C ++读取元数据文件,并处理由空格和以下内容分隔的字段:

时间:2013-12-03 19:29:57

标签: c++ string getline stringstream

我知道有很多帖子与在C +中阅读文件有关,但我仍然无法弄清楚如何将其用于我的特定目的。

我有一个如下文件,前两行指定可变数量的区域,从第3行开始是一些文件地址。 所以,我想读取前两个文件并将每个字段保存在两个整数数组中:从[]到[]

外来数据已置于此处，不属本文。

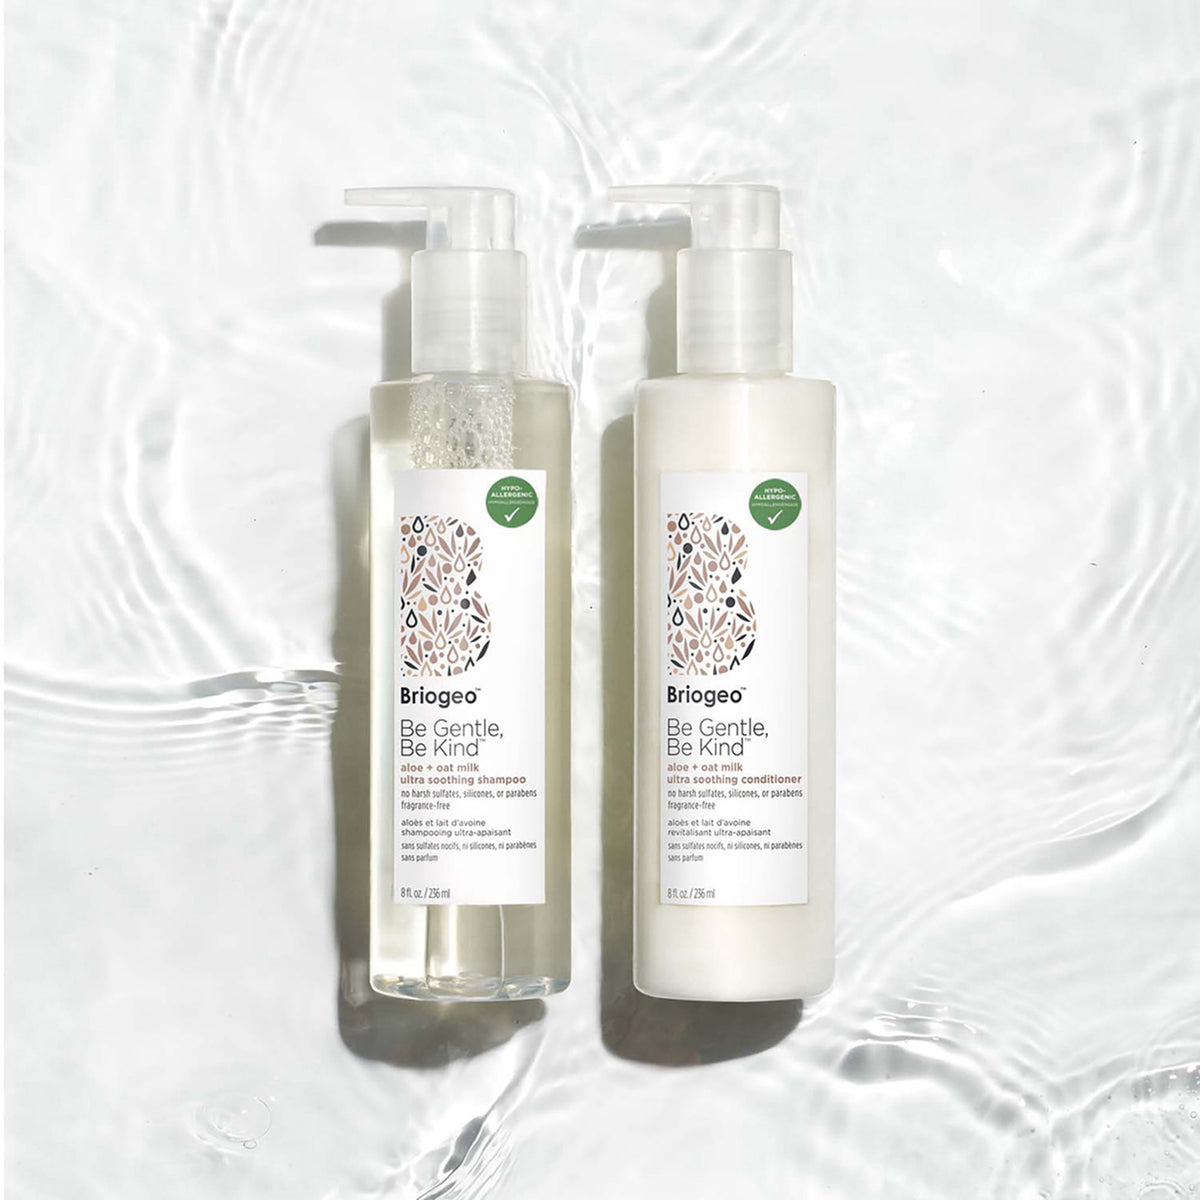 Briogeo Be Gentle, Be Kind Aloe and Oat Milk Ultra Soothing Conditioner .

例如,在这种情况下,我想填充两个整数数组:from [0] = 48 from [1] = 68 from [2] = 93 and to [0] = 49 to [1] = 70到[2] = 100 第二行也将以相同的方式处理,并且第三行向前,字符串应该被分配给一个字符串数组。

48:49 68:70 93:100
22:33 34:47 50:67 71:92
tr429a.frank/tr429a.reg1.0.pdb
tr429a.frank/tr429a.reg1.1.pdb
tr429a.frank/tr429a.reg1.2.pdb
tr429a.frank/tr429a.reg1.3.pdb
tr429a.frank/tr429a.reg1.4.pdb
tr429a.frank/tr429a.reg1.5.pdb
tr429a.frank/tr429a.reg1.6.pdb
tr429a.frank/tr429a.reg1.7.pdb

非常感谢任何帮助!

3 个答案:

答案 0 :(得分:1)

在步骤中进行更复杂的解析要容易得多。抱歉混合风格,

void parserange()
{
  char  s[100] ;
  char * p, * q ; 

  for ( int i= 2 ; ( i -- ) ; )
  { 
    std::cin.getline( s, sizeof(s )) ;

    for (q= s; ( q && * q ) ; q= p )
    {
      if (( p= strchr( q, ' ' ))) { *( p ++)= '\0' ; }
      std::cout << q << "\n" ;
    }
  }
}

所以你在s[100]读了一行,然后寻找空格并将字符串分成几部分。在我做cout时,你会进一步解析&amp;太

parserange()的输出:

48:49
68:70
93:100
22:33
34:47
50:67
71:92

答案 1 :(得分:1)

如果这些是可变数量的“区域”和可变数量的文件名字符串,那么使用向量而不是数组可以让您的生活更轻松。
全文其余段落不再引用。